Weight or volume ratio of compound (A) to (B) is 20:1 to 1:10.

(C) A thermally conductive filler consisting alumina of a mean particle size of 100-5000 nm and aluminum of a mean particle size 5-100 um with a ratio of 0 to 1.

(D) An organohydrogenpolysiloxane containing at least two Si—H terminated groups with a viscosity no greater than 800 cP at 25 C. Mole ratio of Si—H groups in component (D) to alkenyl groups in component (A) and (B) combined is 0.5 to 0.8.

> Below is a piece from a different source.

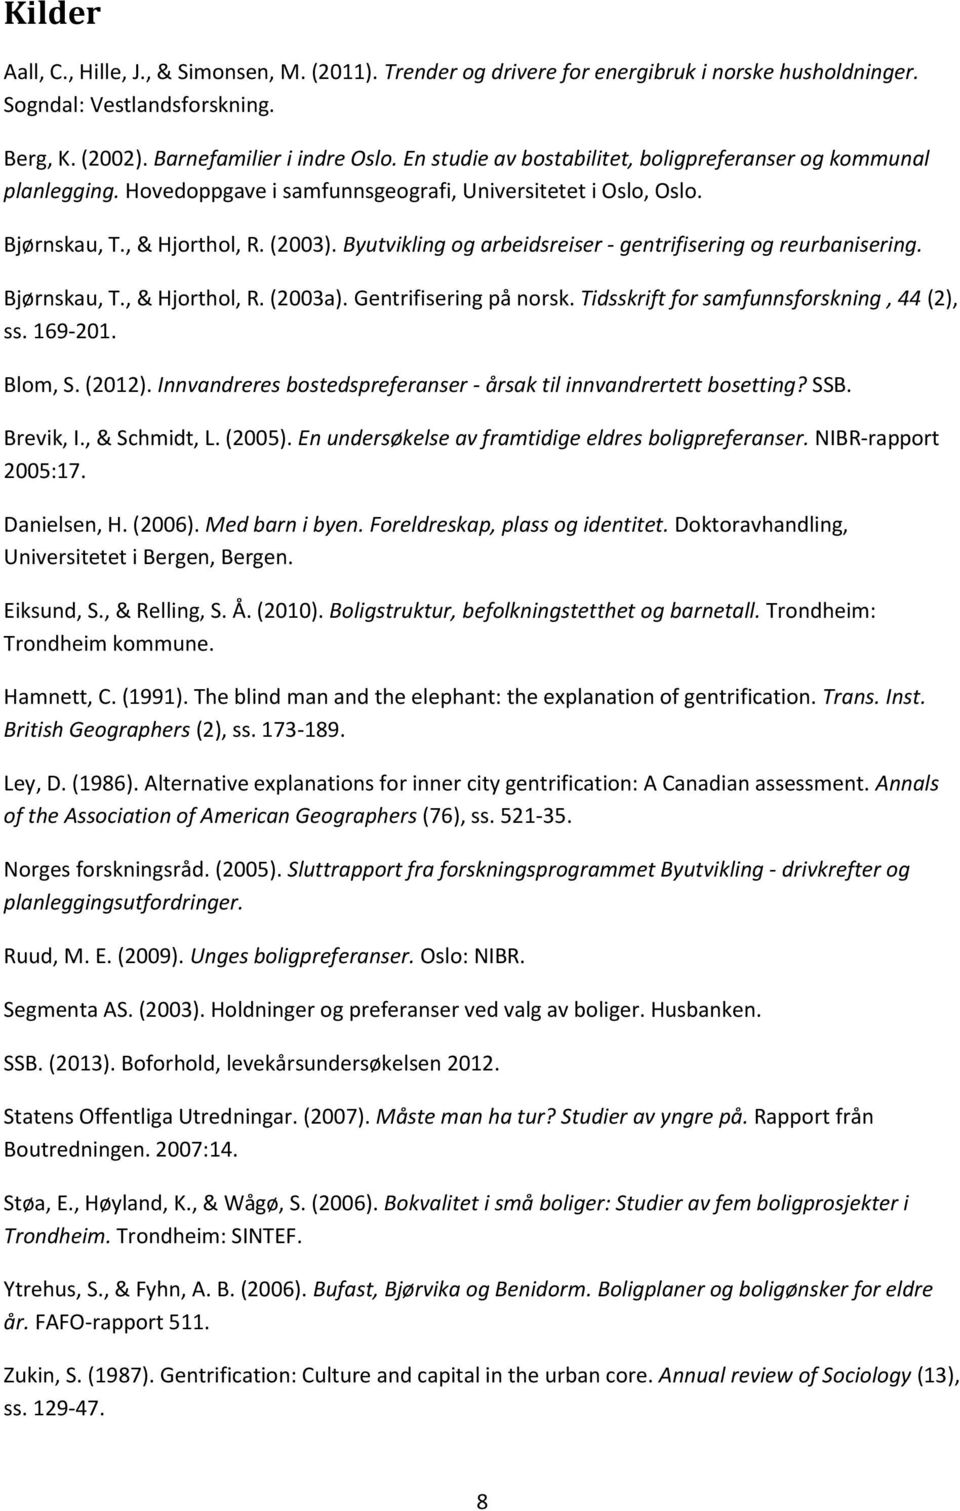 Byutvikling og arbeidsreiser - gentrifisering og reurbanisering. Bjørnskau, T., & Hjorthol, R. (2003a). Gentrifisering på norsk. Tidsskrift for samfunnsforskning, 44 (2), ss. 169-201. Blom, S. (2012).

(E) A catalyst selected from a group of platinum compounds with an amount of platinum in a range of 1-100 ppm to the total amount of the curable silicone composition of (A), (B) and (D).

(F) A optional inhibitor to maintain appropriate storage stability.

(G) A alkoxysilane for enhancement of bonding strength between thermal filler component (C) and silicone resin (A), (B) and (D).

5. The thermally conductive interface material said in claim 1 possessing a complex storage modulus less than 100 kPa at 125 C after cure at 125 C for 30 min.

6. The thermally conductive interface material said in claim 1 to be applied between semiconductor chip and heat spreader (or heat sink) in a sandwich formation with a thickness of 200 um and below, wherein transporting heat generated from chip to heat spreader (or heatsink).